Start of Given data

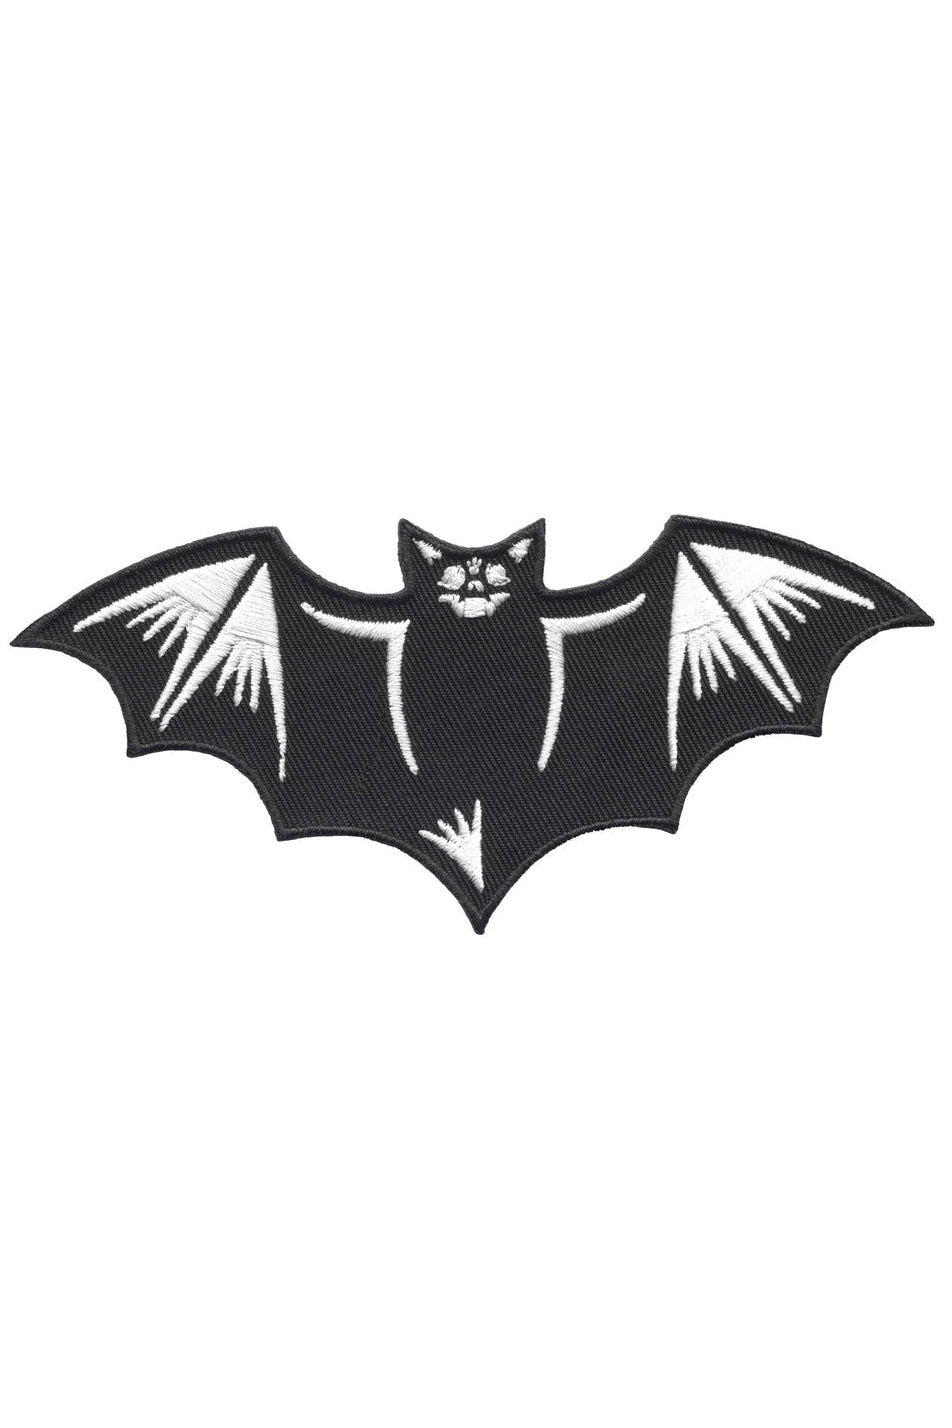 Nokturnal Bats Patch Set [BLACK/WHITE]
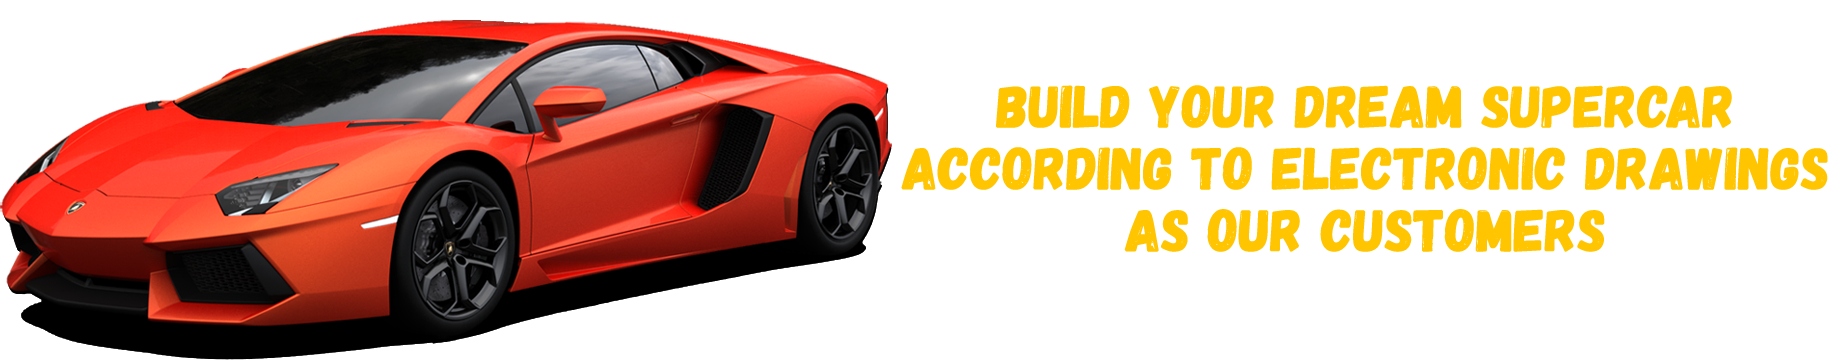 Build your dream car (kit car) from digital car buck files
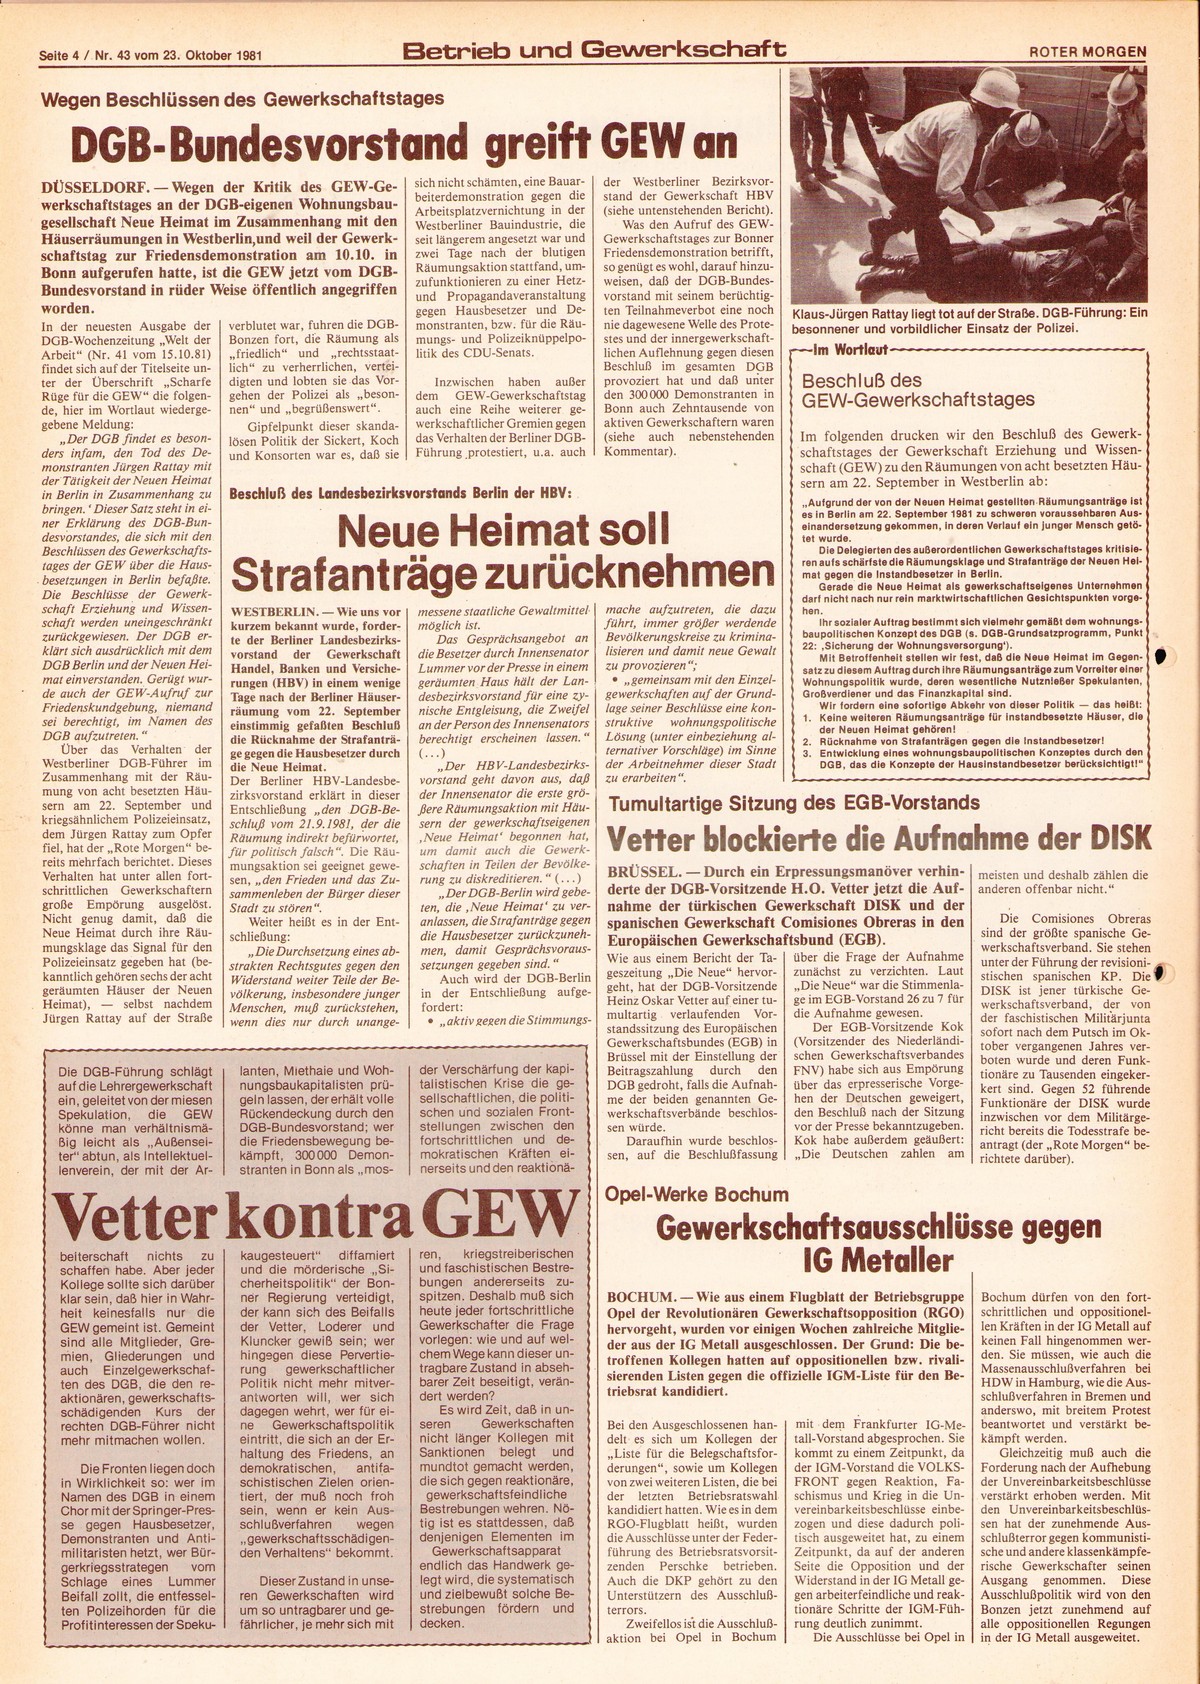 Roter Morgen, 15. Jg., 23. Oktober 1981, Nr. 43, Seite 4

End of Given data

**Exercise goal**
Reproduce all of the material exactly, apart from the pictures.

**Problem solution**
 Nokturnal Bats Patch Set [BLACK/WHITE]
 Build your dream car (kit car) from digital car buck files
 Roter Morgen, 15. Jg., 23. Oktober 1981, Nr. 43, Seite 4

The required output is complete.